> [INFORMATION SHOWN]:
Content starts

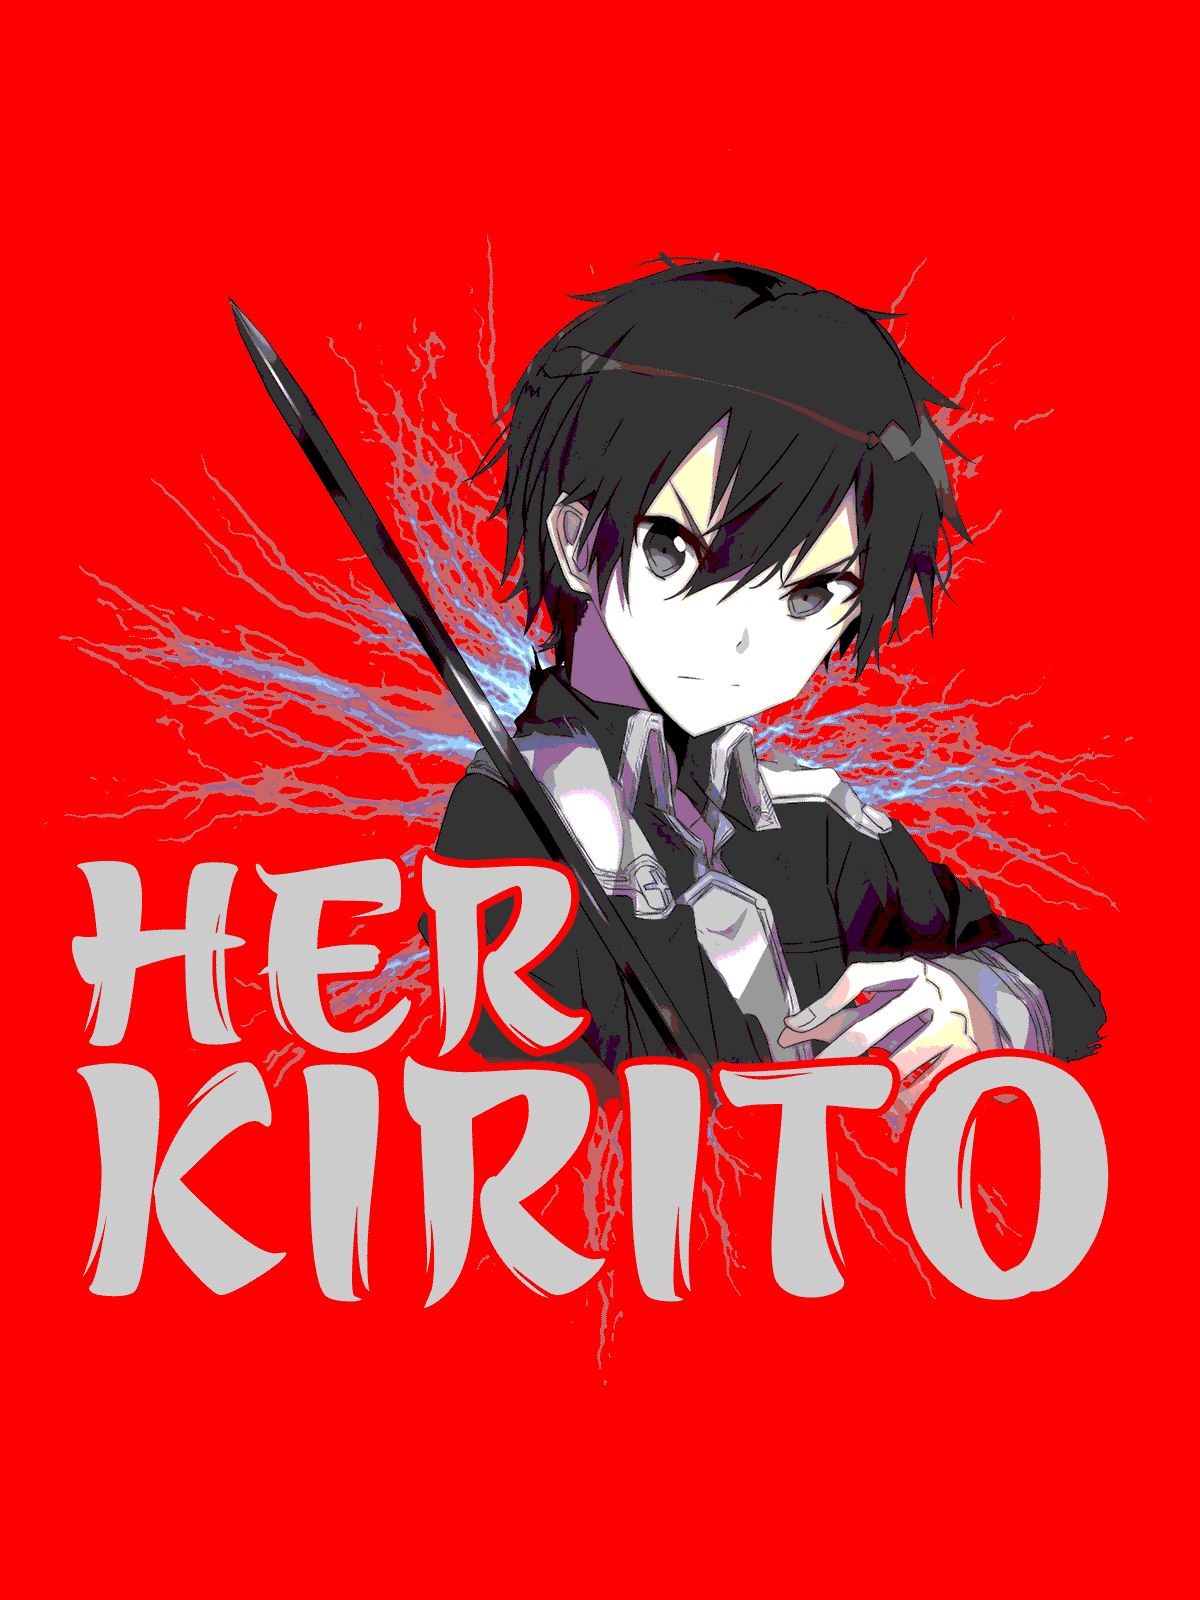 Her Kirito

Content ends
Content starts

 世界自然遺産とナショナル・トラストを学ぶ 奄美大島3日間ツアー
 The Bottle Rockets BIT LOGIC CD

Content ends
Content starts

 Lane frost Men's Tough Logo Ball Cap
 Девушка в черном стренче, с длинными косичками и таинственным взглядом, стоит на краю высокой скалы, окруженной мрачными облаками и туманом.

Content ends

> [EXERCISE INSTRUCTIONS]: Look through the entries above and quote exactly the lines from the line with "世界自然遺産とナショナル・トラストを学ぶ 奄美大島3日間ツアー" to the line with "The Bottle Rockets BIT LOGIC CD", counting both of those lines.

> [EXERCISE RESULT]:
 世界自然遺産とナショナル・トラストを学ぶ 奄美大島3日間ツアー
 The Bottle Rockets BIT LOGIC CD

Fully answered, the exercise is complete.